All that added up for me to one thing. It needed to be me in the parking lot, not Beau. That was the simplest, most logical, way that I could approach the problem. I couldn’t trust anyone else to place Beau’s safety above their own desires, least of all him. I couldn’t trust that Blackwell would be satisfied with anything but my presence.
I flipped back through the remainder of the sketchbook, which contained about six months of work. Nothing refined, though. I went to a larger medium when I really worked up a vision.
Yes, I’d had a vision. Not a hallucination. The thought was mind-boggling, and far too complicated to tackle right now. I couldn’t think about anything other than Beau’s life being in danger.
I reminded myself that I didn’t believe in fate. Not even now. Not even after meeting Beau and the way I felt about him. Not even with the sketches of a vision I believed to be a glimpse of the future captured in my sketchbook. No force controlled what I chose to do or not do. Or what had happened to me in the past. I refused to believe that my actions were predetermined.
I was willing to do anything to alter the vision I’d collected and contained within my sketchbook.
Anything.
Even if that meant facing Blackwell on my own again. Even if that meant I sacrificed my freedom — or even my life — to give the sorcerer what he wanted.
Beau had found me in that diner. He bought me a piece of apple pie and rescued me from the living hell of my broken brain.
I’d believed I was broken.
For Beau, I’d act like I was whole.
I wouldn’t live in this world — real or not — without him.
∞
Beau was asleep in the hall.
By the clock on my cell phone it was only 3:27 p.m.

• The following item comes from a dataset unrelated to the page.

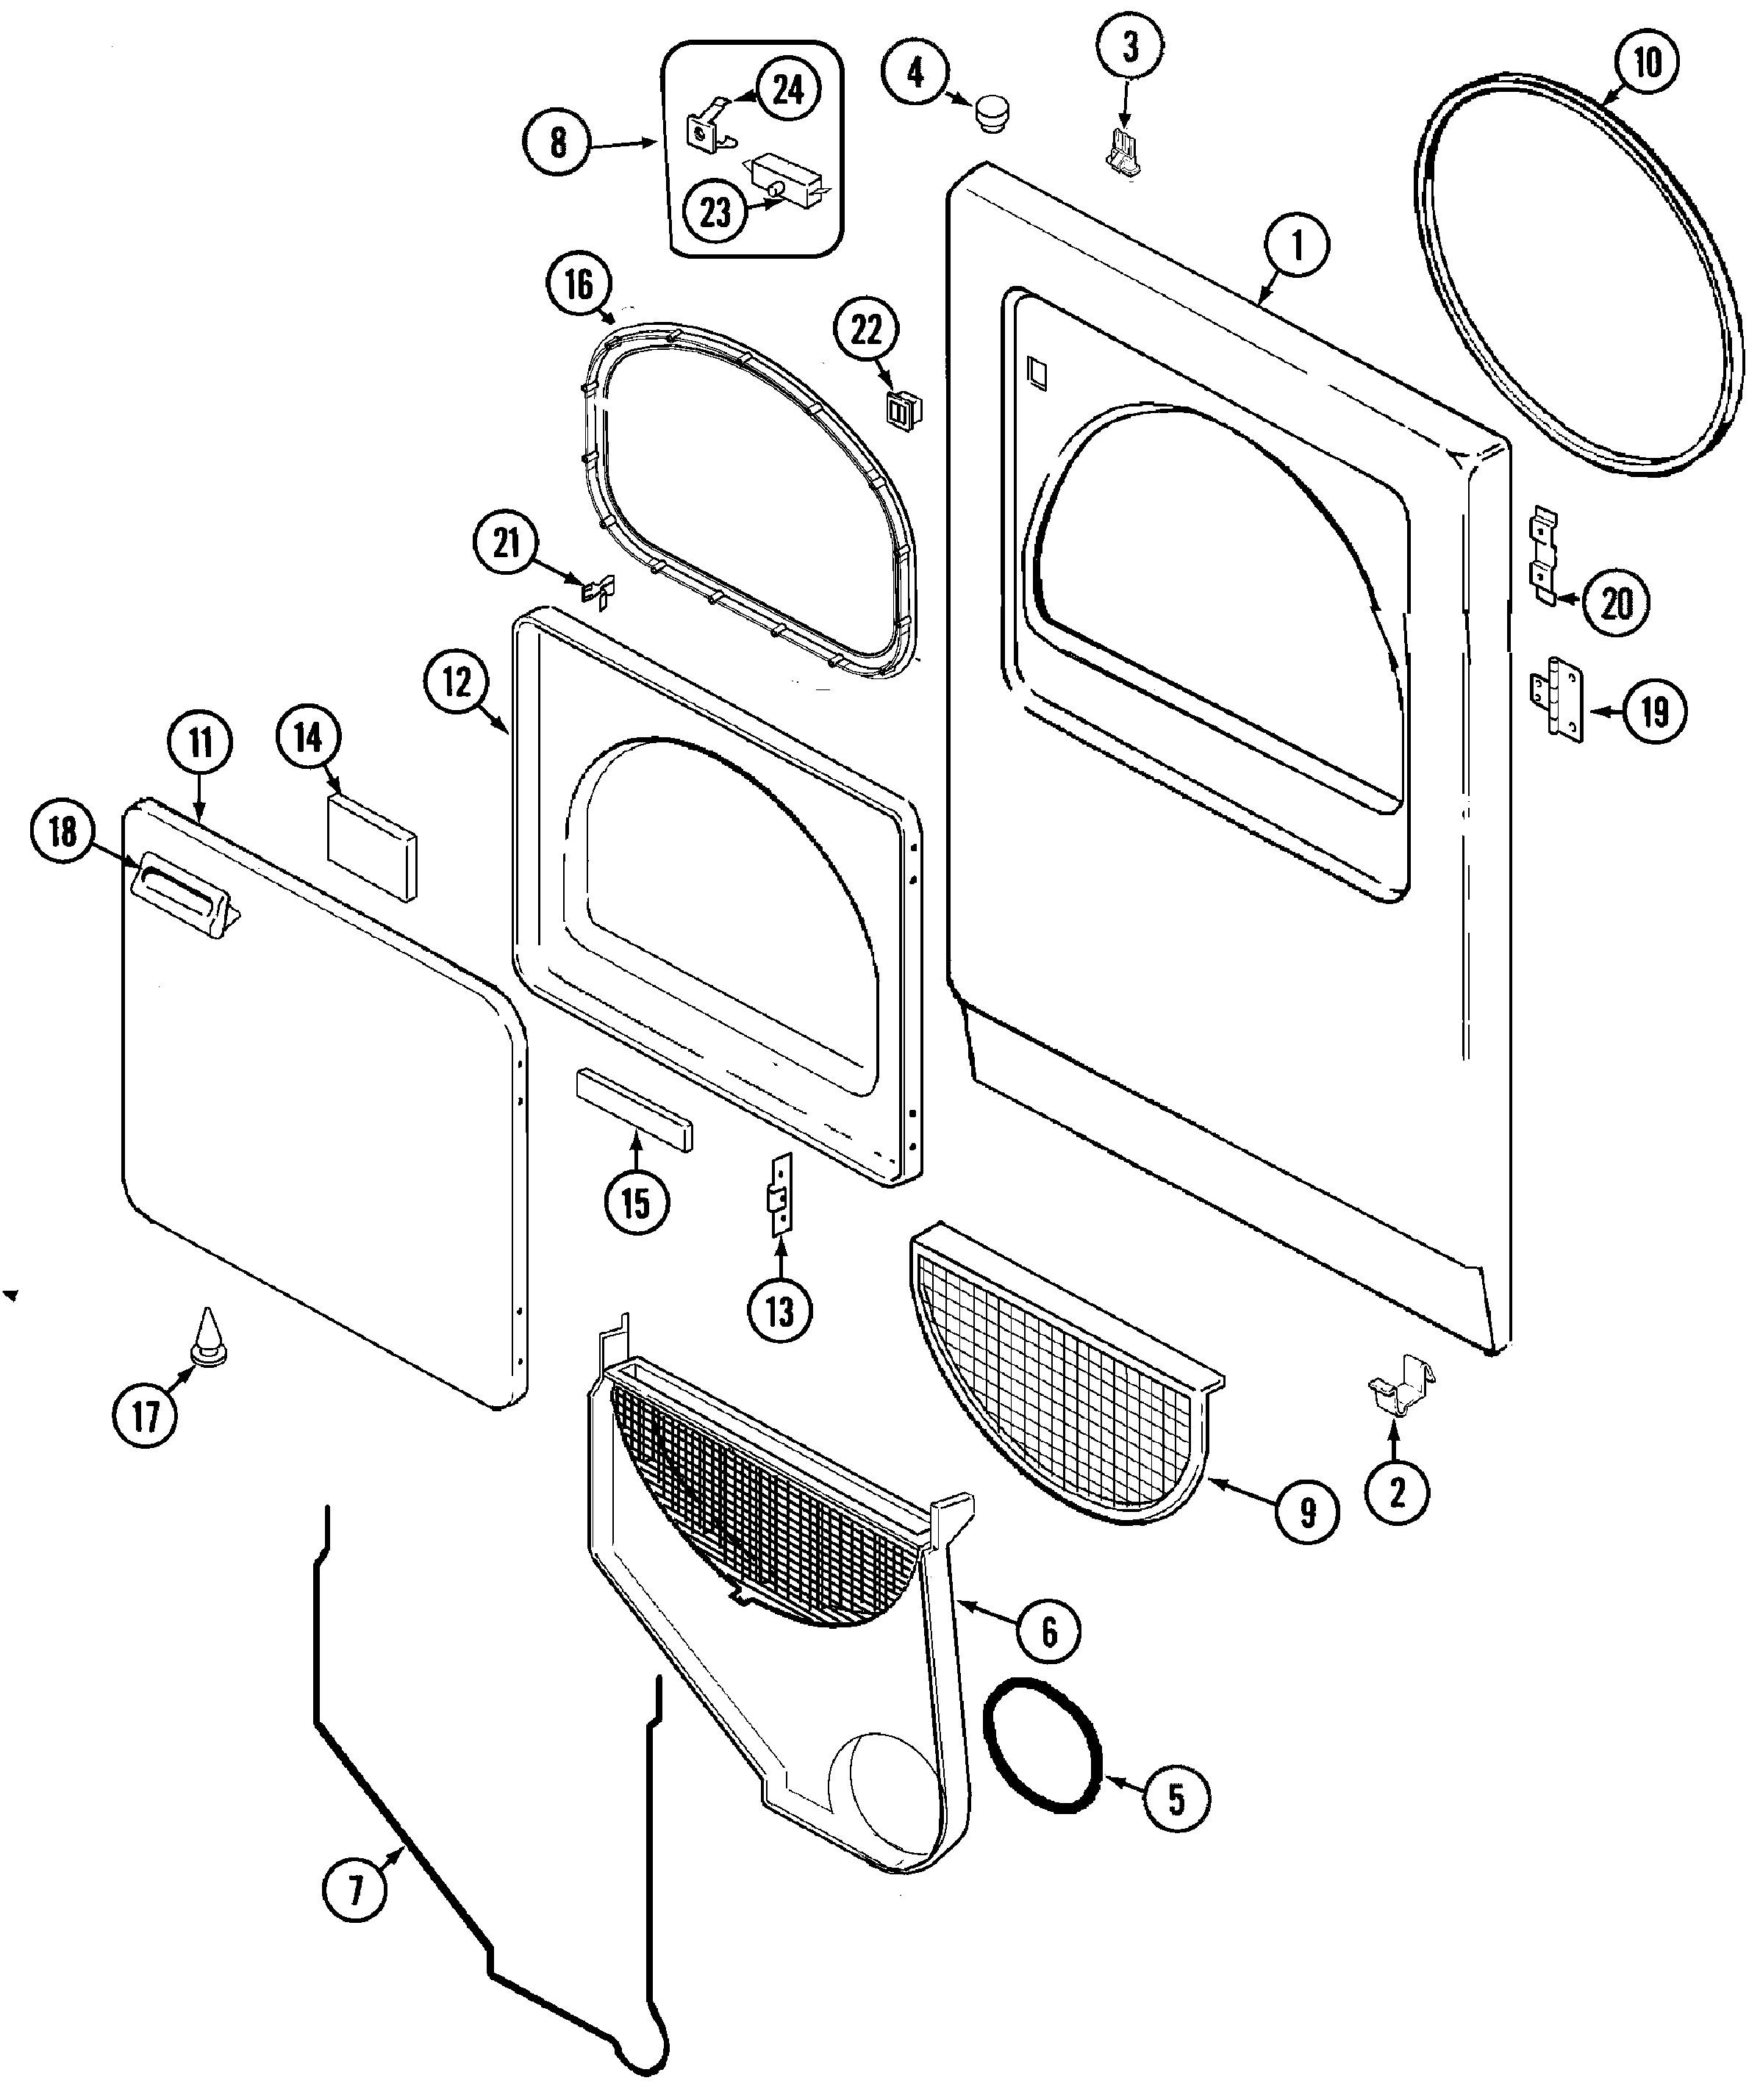 Admiral Dishwasher Wiring Diagrams - 6 Round Trailer Wiring Diagram Ford -  ace-wiring.tukune.jeanjaures37.fr | Admiral Dishwasher Wiring Diagrams |  | Wiring Diagram Resource

The day had already felt epically longer than that, and I was pretty sure it was nowhere near finished.
I’d packed my sketchbook in my bag, double-checking that Blackwell’s business card and my cell phone were both still there. I tucked my necklace behind the zipper of my hoodie, put my mittens in my pockets, and made sure my shoelaces were tightly tied.
Then I tried to climb out the window.
A window that was easily a twenty-foot drop, then a long roll down a steep, rocky hill.
Right. Beau had already ruled out that escape route.
So I slipped out into the hall instead. I was planning to use the excuse of needing the bathroom, while hoping that Beau forgot that the bedroom came with an en suite. I found him propped up against the wall opposite the door, asleep. Even sleeping, he looked exhausted.
All I had to do was get across the hall and into any room on the other side of the house. At least, that was the plan.
I very, very carefully closed the bedroom door behind me until I heard the latch click. Maybe they’d think I was still inside. Maybe I’d get just enough of a head start. I only needed to set foot in the parking lot. To see Blackwell see me. Once Blackwell had seen me, the vision had to change. It just had to. No matter how childish and ignorant my logic sounded to my own ears.
No matter that — according to Beau and my visions — the house was full of powerful people who supposedly knew what they were doing.
I couldn’t show them the sketches. Because if I went to anyone, all they’d see was what they wanted. They wanted Blackwell. They wanted Blackwell so badly they were willing to be in the same room as each other, despite whatever circumstances had led to the rift between them. If I had the time, I could probably piece together those circumstances from the sketches in my book and the sketches waiting for me to finish them in my portfolio.